Nuclear Fusion

NUCLEAR FUSION is the JOINING of light nuclei into a heavier one — releasing energy. The most common example: hydrogen → helium. Fusion powers the SUN and all stars. It produces FAR more energy per atom than fission and creates much less radioactive waste. The catch: fusion requires temperatures of ~100 million °C — hotter than the sun's core — to overcome the electric repulsion between protons.

Why fusion is hard. To fuse, two positive nuclei must get CLOSE ENOUGH for the strong force to take over. But they REPEL each other electrically. Only at extreme temperature/pressure do nuclei have enough energy to collide. The sun maintains fusion through its enormous gravity. On Earth, we use TOKAMAKS (donut-shaped magnetic confinement chambers) or LASERS (inertial confinement) to recreate fusion conditions. So far, fusion experiments cost more energy than they produce — but progress is real.
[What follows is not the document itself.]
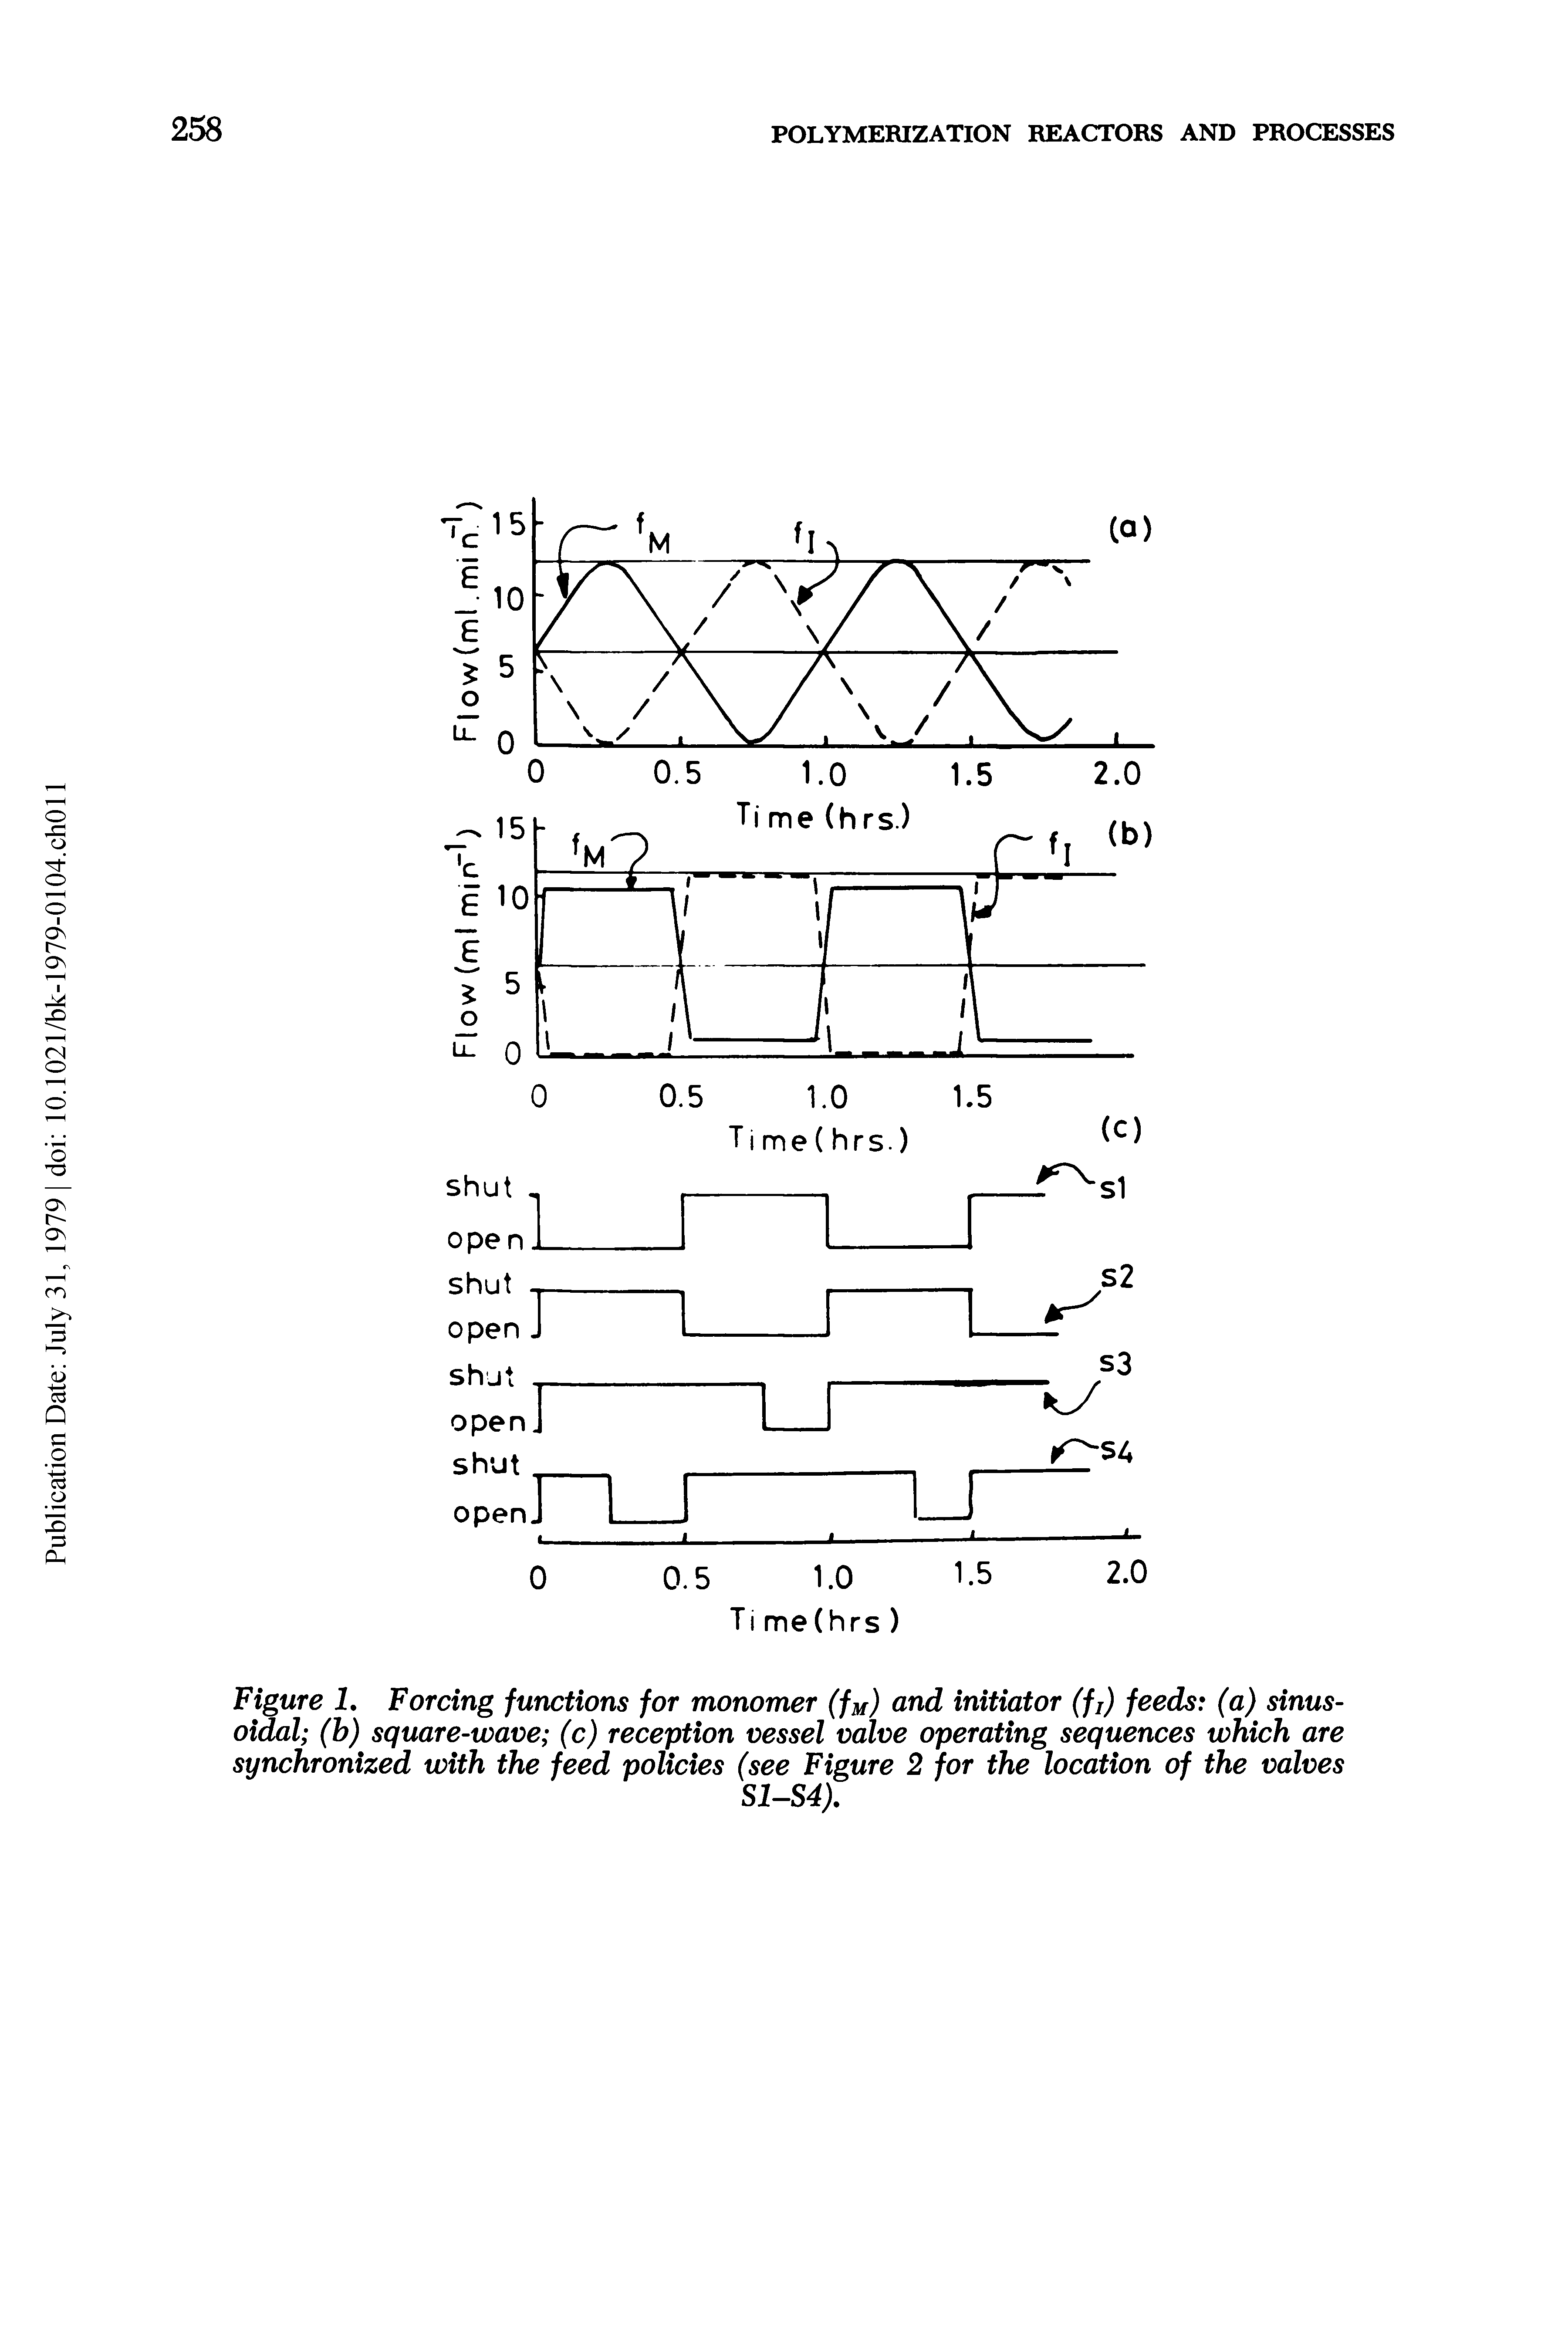 Figure 1, Forcing functions for monomer (fu) and initiator (fi) feeds (a) sinusoidal (b) square-wave (c) reception vessel valve operating sequences which are synchronized with the feed policies (see Figure 2 for the location of the valves...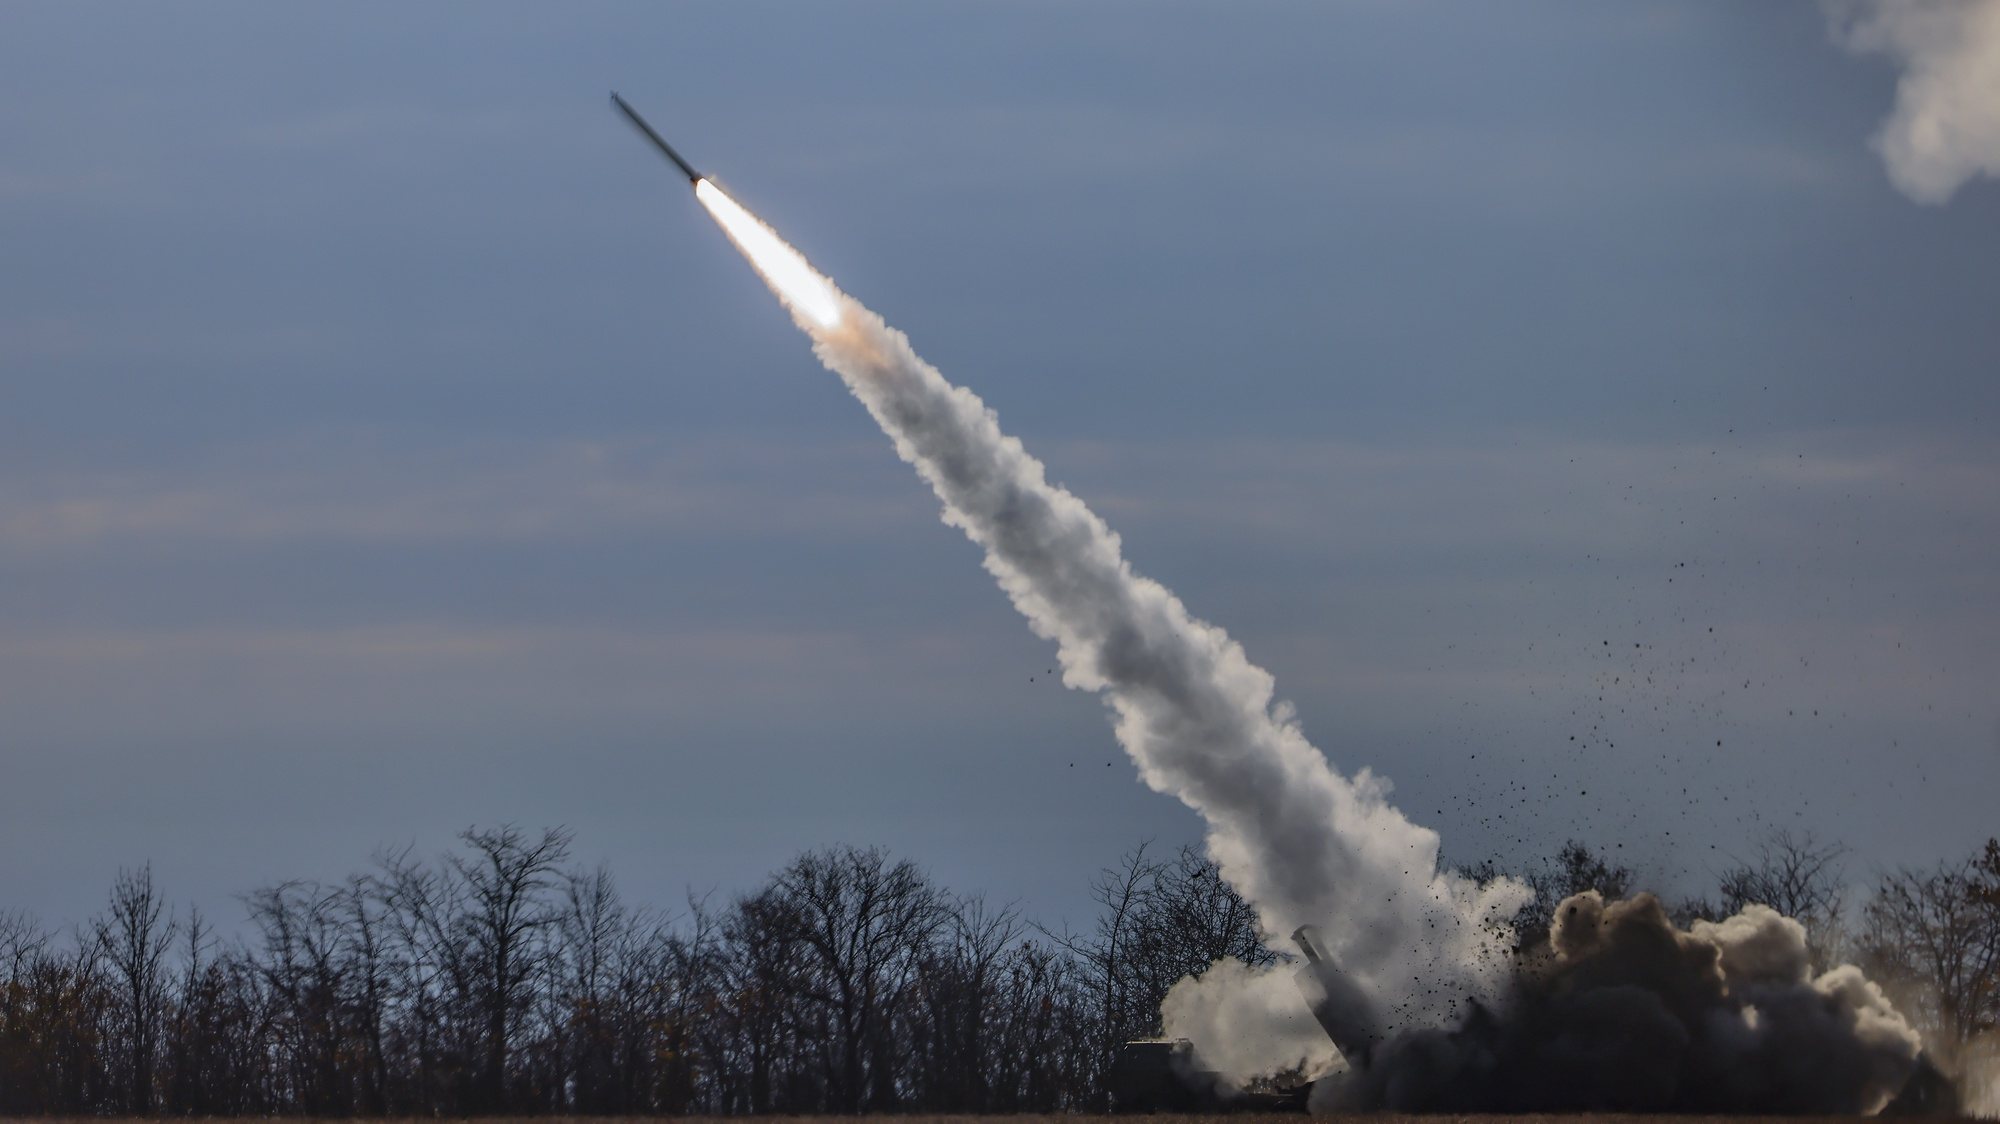 epa10292421 A High Mobility Artillery Rocket System (HIMARS) of Ukrainian army fires close to the frontline at the northern Kherson region, Ukraine, 05 November 2022 (issued 07 November 2022). Russian troops on 24 February entered Ukrainian territory, starting a conflict that has provoked destruction and a humanitarian crisis.  EPA/HANNIBAL HANSCHKE

The dream. Fusion would offer essentially unlimited clean energy. Fuel (deuterium from seawater) is abundant. Waste is minimal compared to fission. No risk of meltdown (the plasma cools and stops if anything goes wrong). If practical fusion is achieved, it could transform energy globally. Major projects: ITER in France (international tokamak), private companies (Commonwealth Fusion Systems, Helion), and NIF (laser fusion).

Nuclear fusion is one of physics' greatest challenges and humanity's greatest energy possibilities. The race is on.